Urban space in contemporary Italy are currently contested sites where competing images of society, politics and citizenship are constructed and negotiated. While at a national level widespread xenophobic discourses classify migration as a security and public order problem, and define immigrants and their children as alien bodies in Italitan Cities, at a local level the leadership and cultural entrepreneurs of Turin based the city urban renewal on an image of  multiculturalism and inclusiveness with the aim to attract visitors and capital investments. As the intersection of such discourses shape the manifold ways through which (post)migrant bodies become represented perceived and addressed in contemporary Turin, this paper will address how such dynamics are negotiated by group of children of migration between 16 and 21 years old practicing capoeira and parkour in Turin public spaces.
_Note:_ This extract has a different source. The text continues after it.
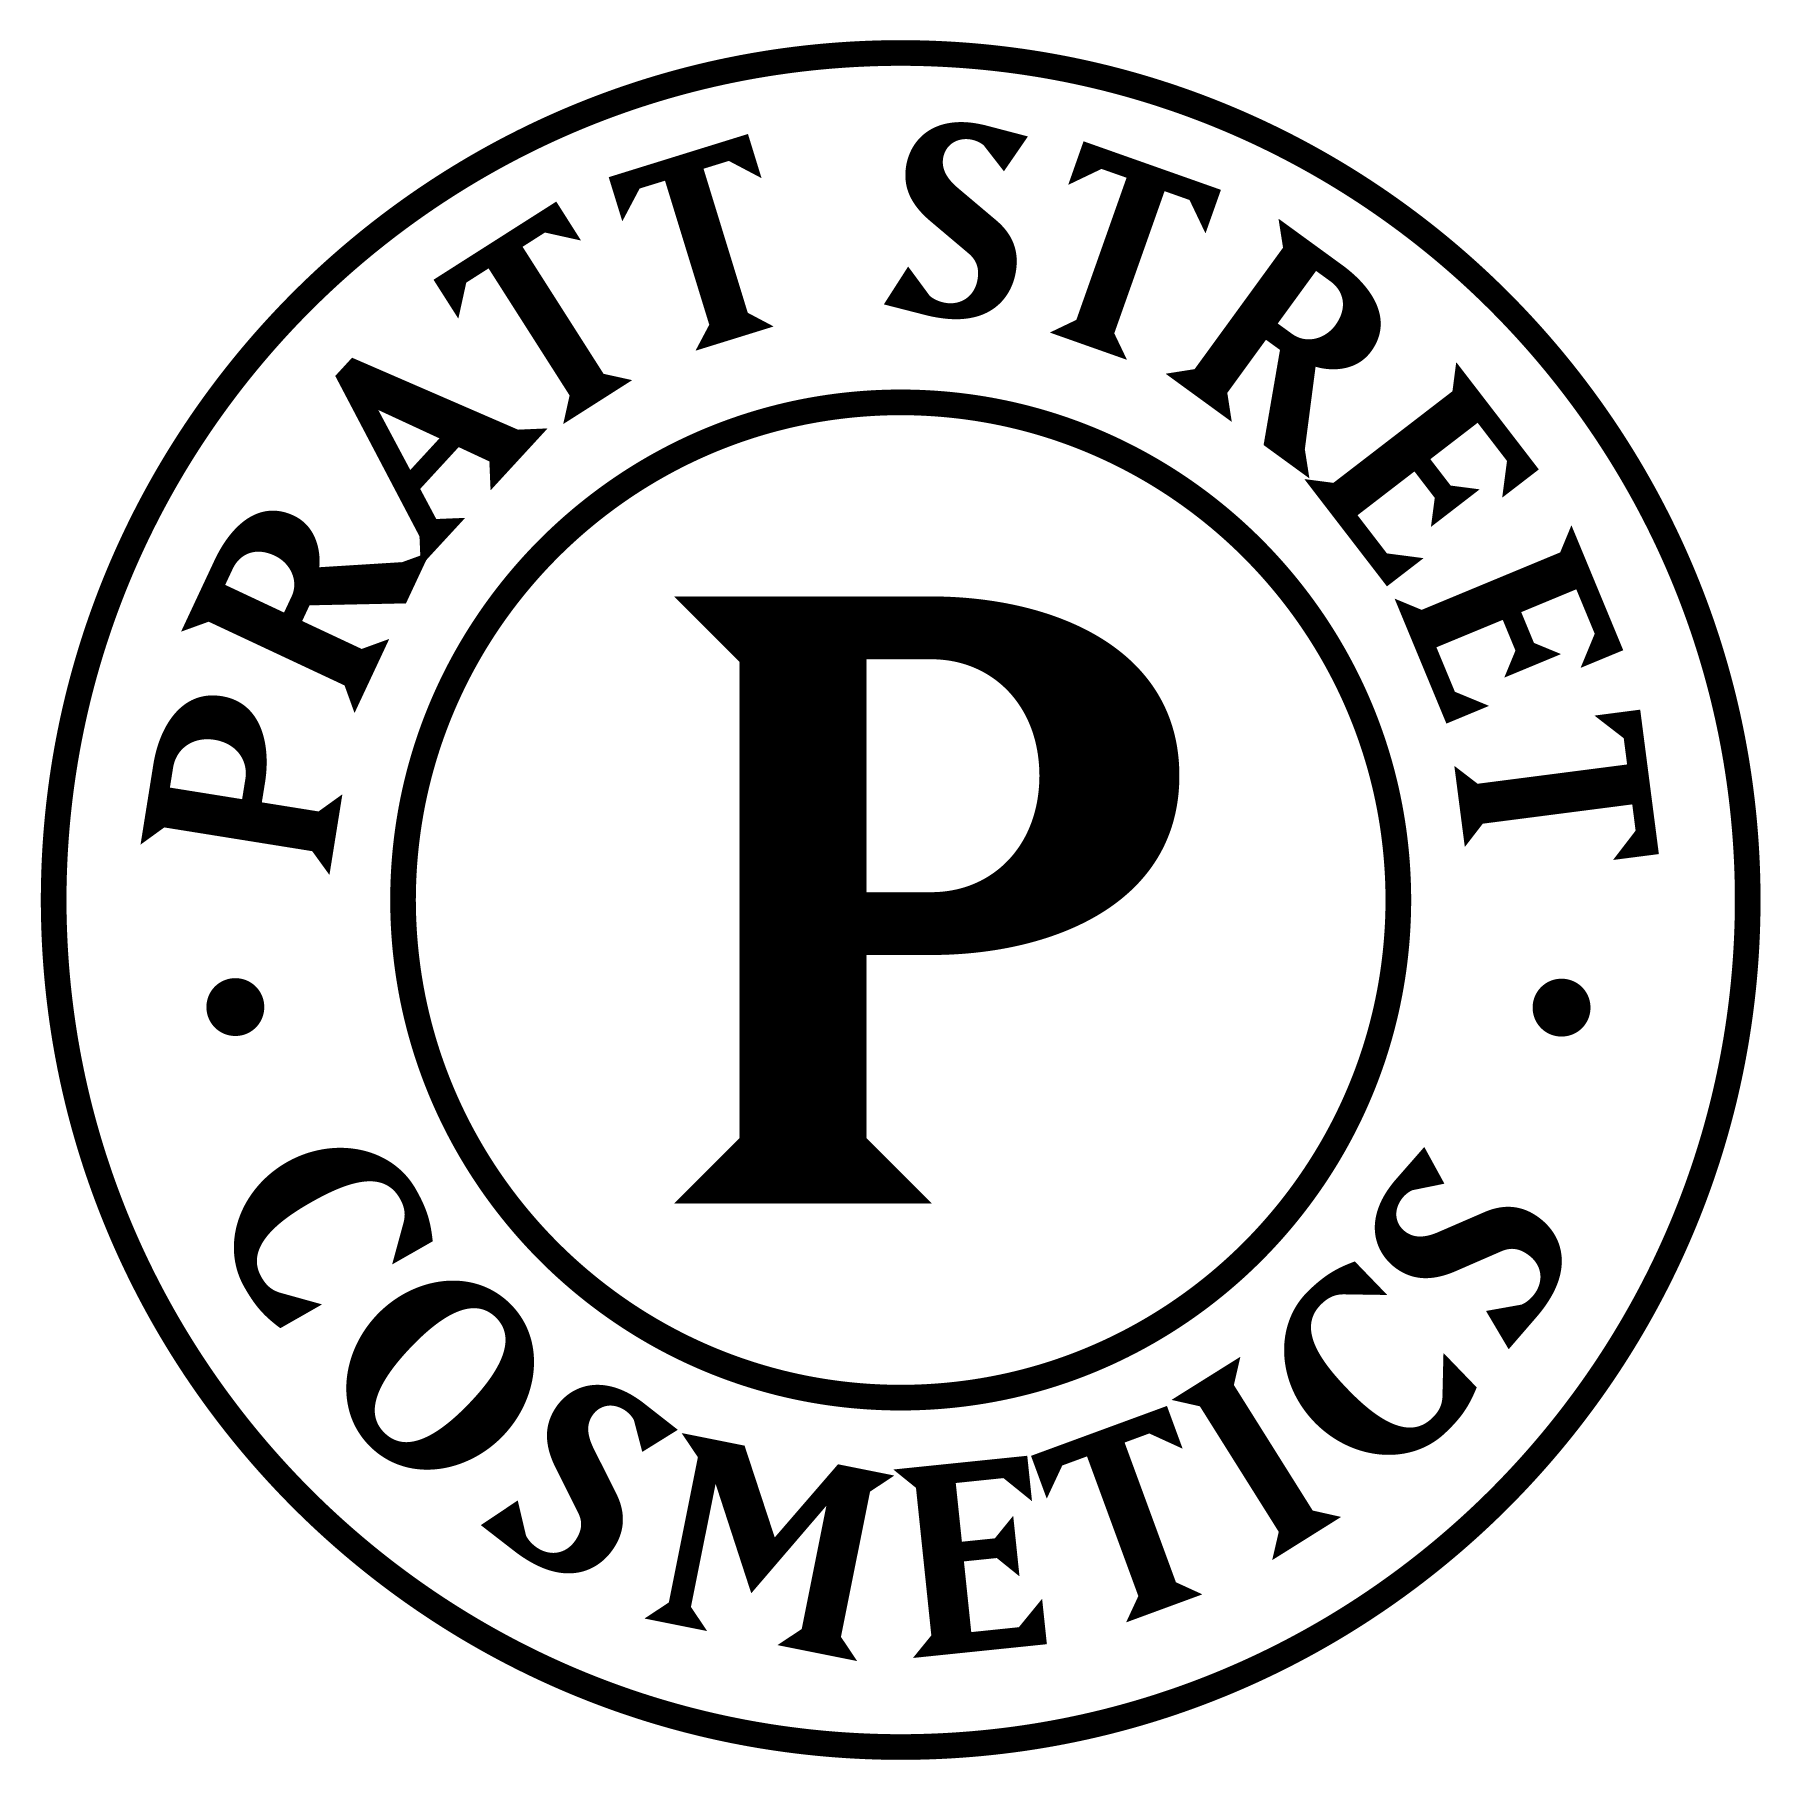 Rait Mickee Pictures logo (2011) by UnitedWorldMedia on DeviantArt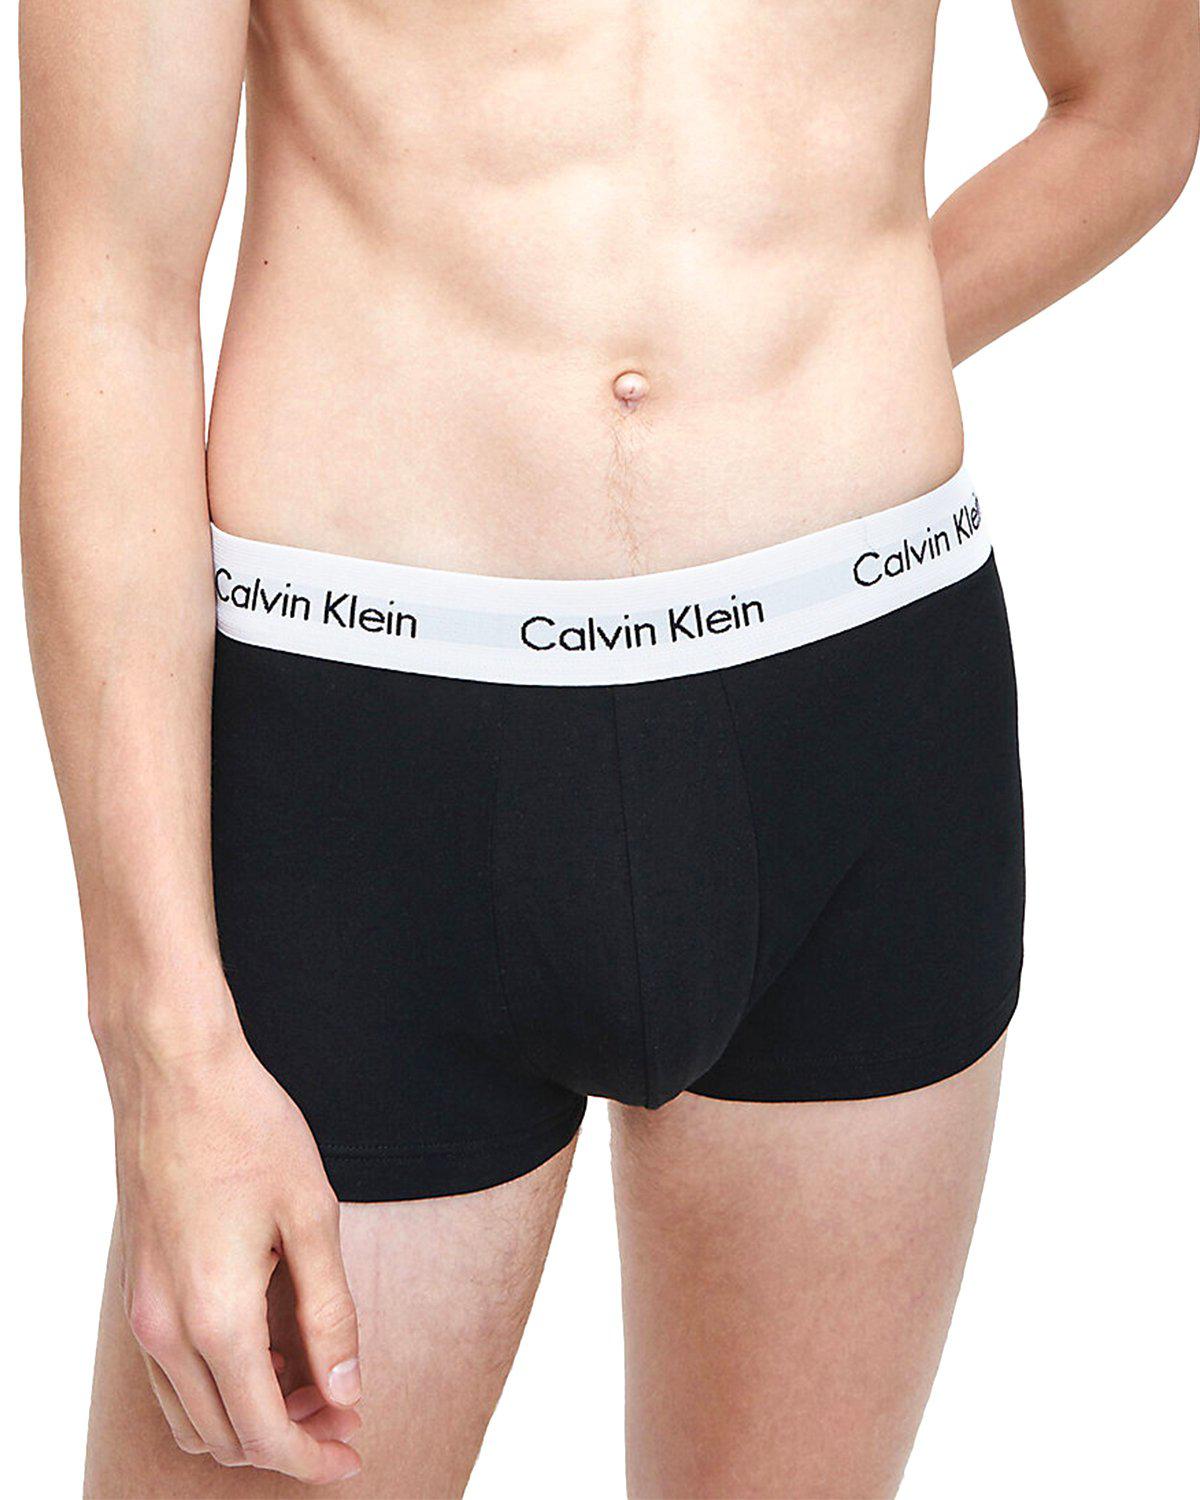 Buy Calvin Klein Underwear Men Trunks Online at desertcartIreland

The focus on capoeira and parkour, two lifestyle sport which emplace the body in public space, enabled this study to highlight how group of (post)migrant youth used these practices to negotiate spaces and processes of inclusion, and exclusion, in Turin’s citycape. Capoeira and parkour represented meaningful sites of analysis, as practices wrought with contradictions indicative of current trends within Turin’s urban politics. Both disciplines are abundantly endorsed by public-private events celebrating Turin’s renewal, vibrancy and diversity. However, the participants’ engagement with capoeira and parkour in Turin’s regenerating citycape, enable to illuminate the shifting meaning of citizenship in the context of research, and articulate it to the reciprocal constitution of bodies space, and power relations in less-than-coherent assemblage of neoliberal urban regeneration.